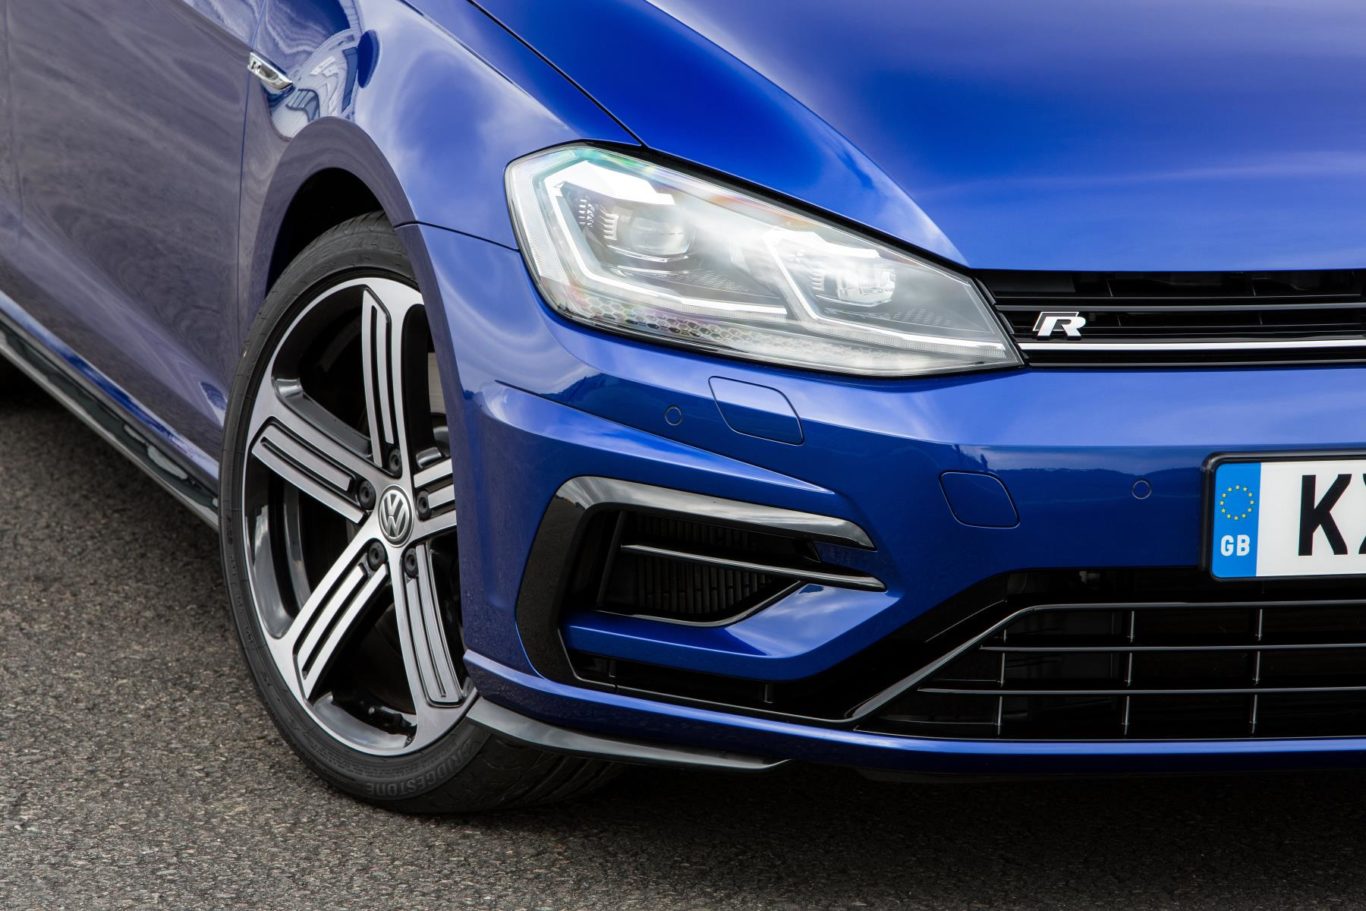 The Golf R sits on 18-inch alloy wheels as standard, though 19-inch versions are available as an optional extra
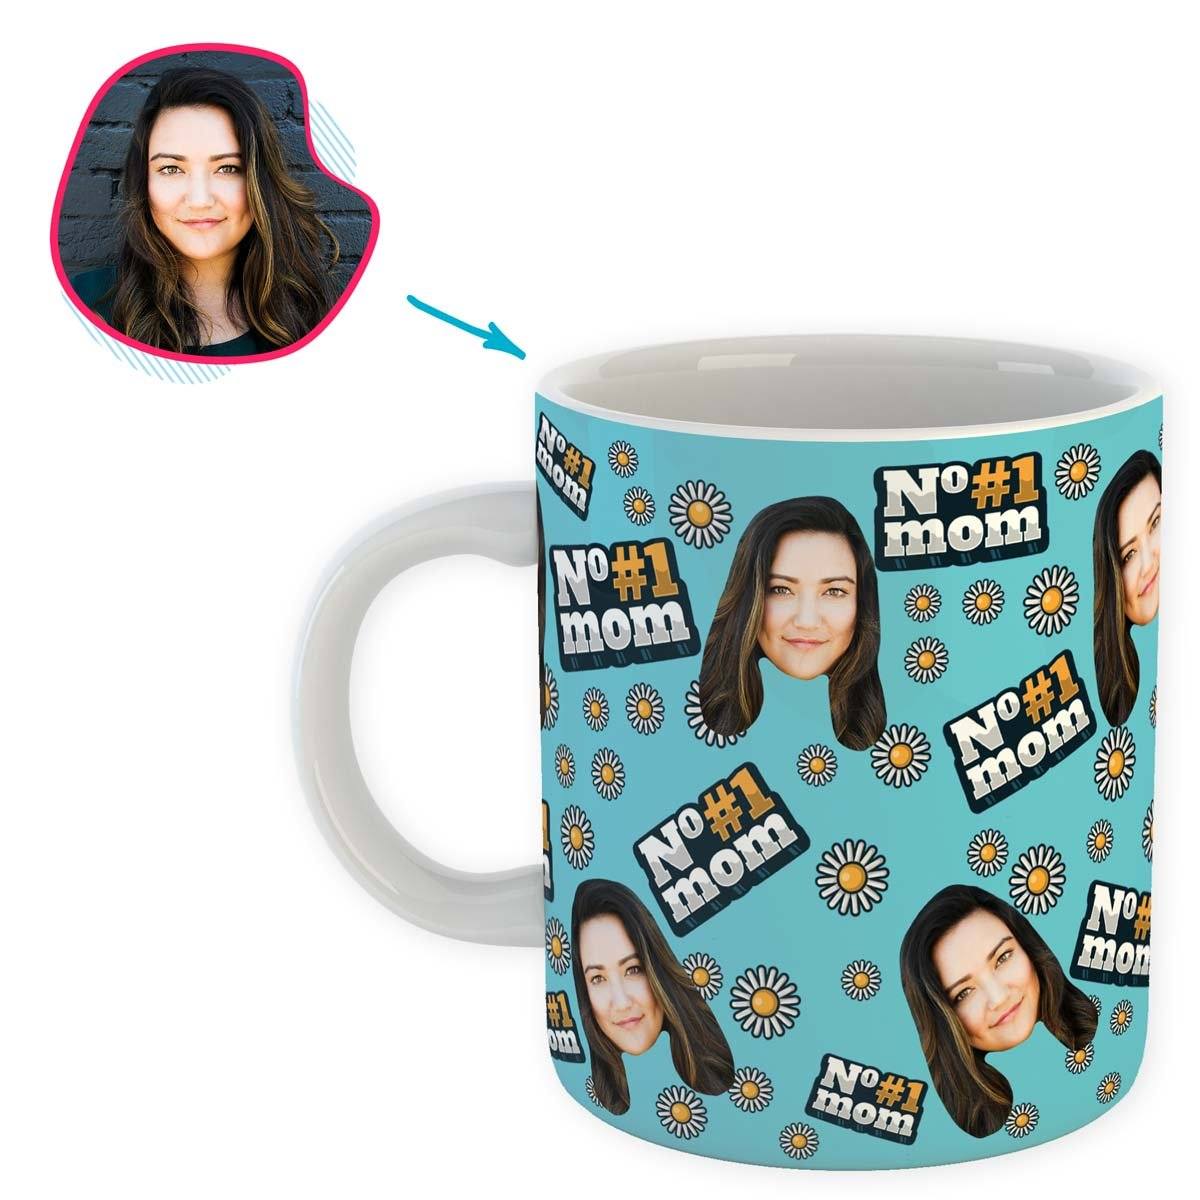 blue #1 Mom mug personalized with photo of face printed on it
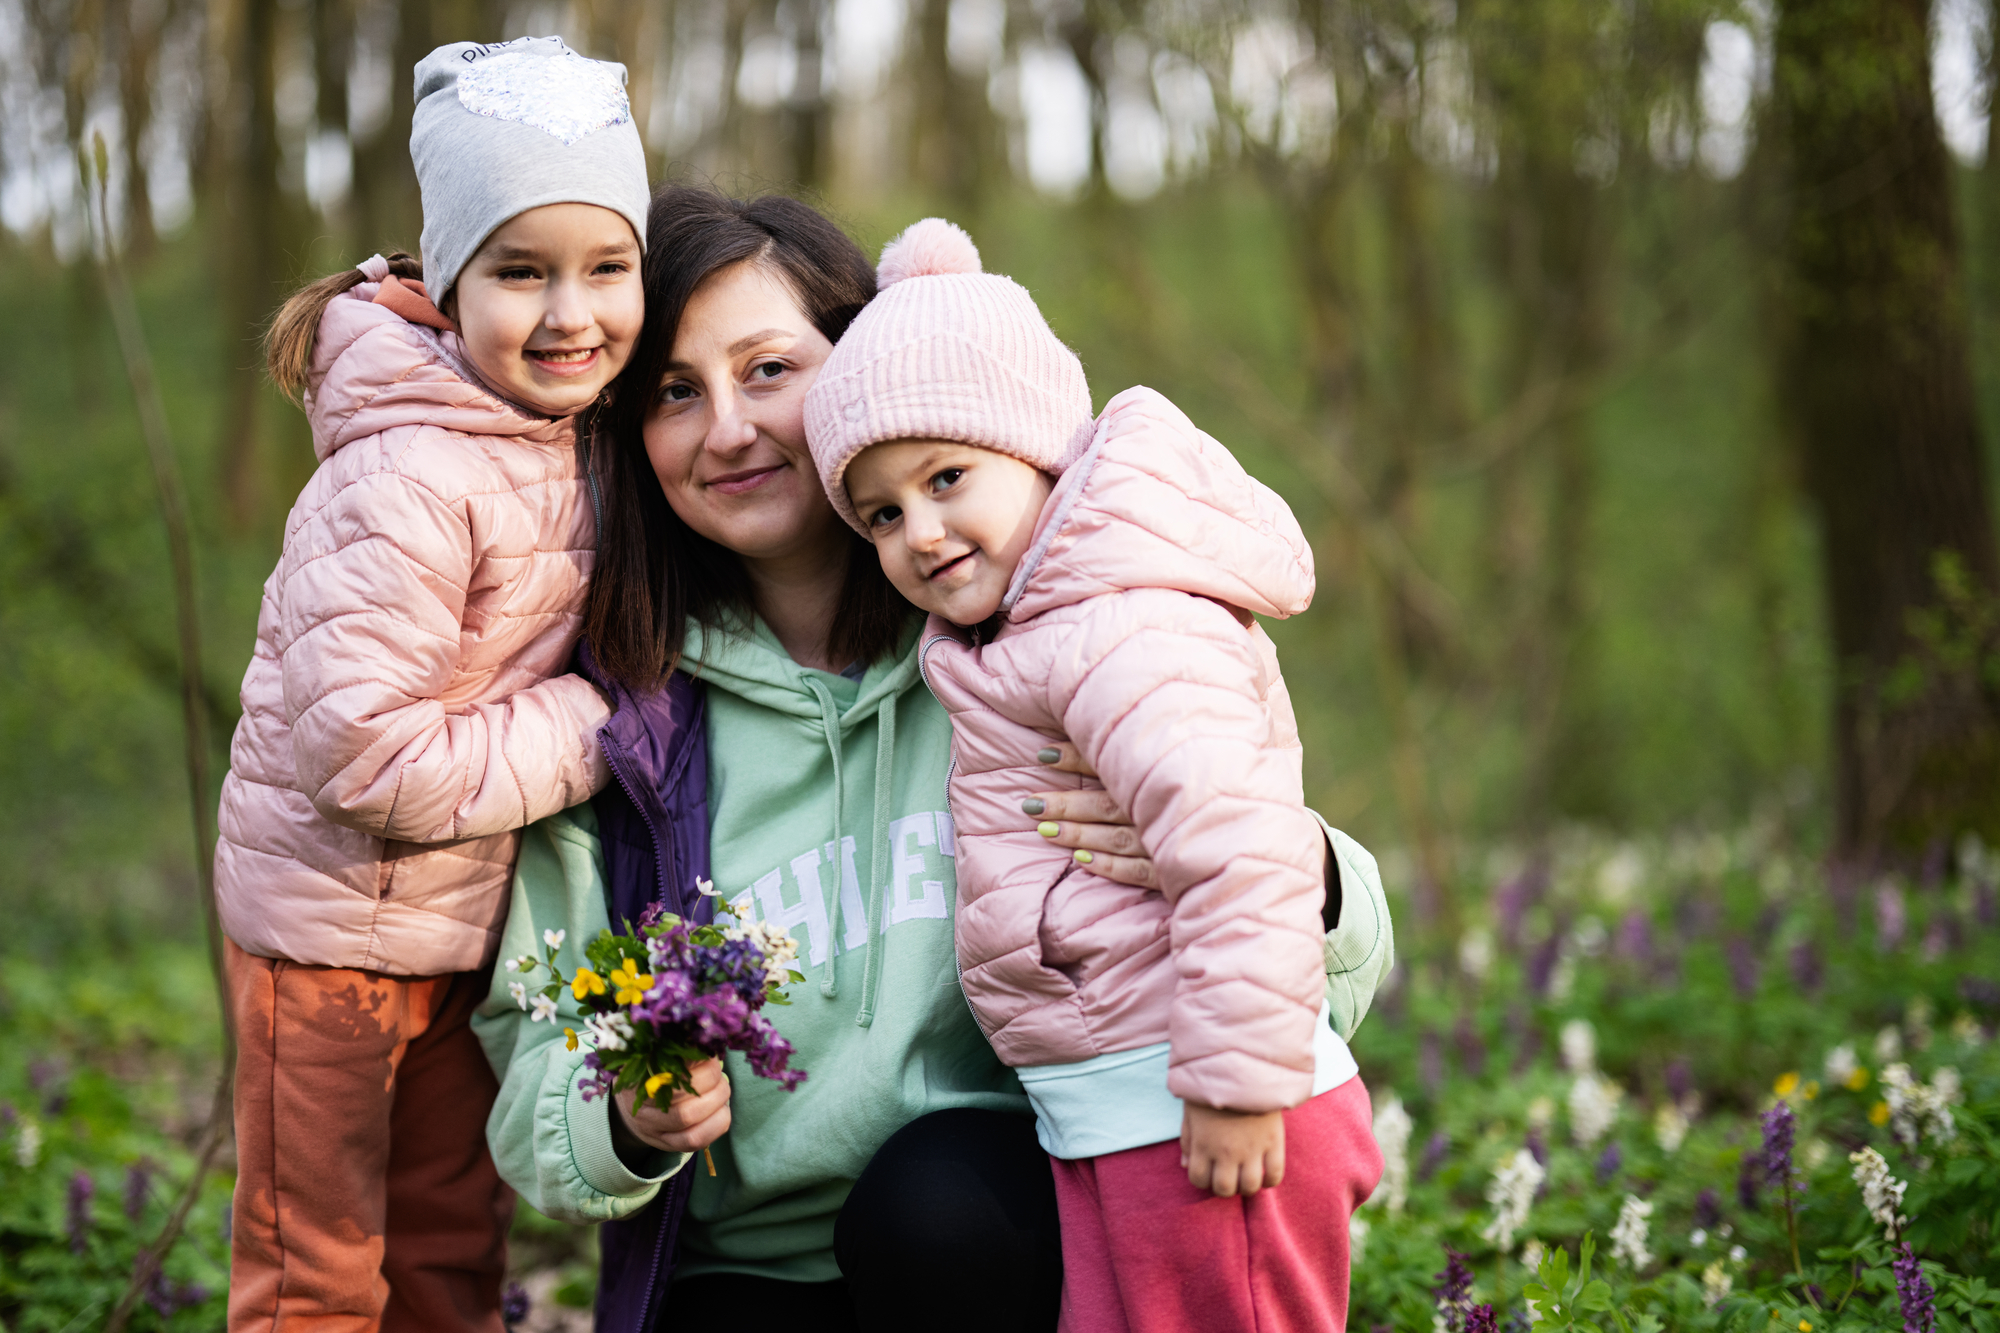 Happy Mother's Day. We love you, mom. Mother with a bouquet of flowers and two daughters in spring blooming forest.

EXERCISE DETAILS » Please give back the material above exactly as written, pictures omitted.

TASK ANSWER »
 The Golf R sits on 18-inch alloy wheels as standard, though 19-inch versions are available as an optional extra
 blue #1 Mom mug personalized with photo of face printed on it
 Happy Mother's Day. We love you, mom. Mother with a bouquet of flowers and two daughters in spring blooming forest.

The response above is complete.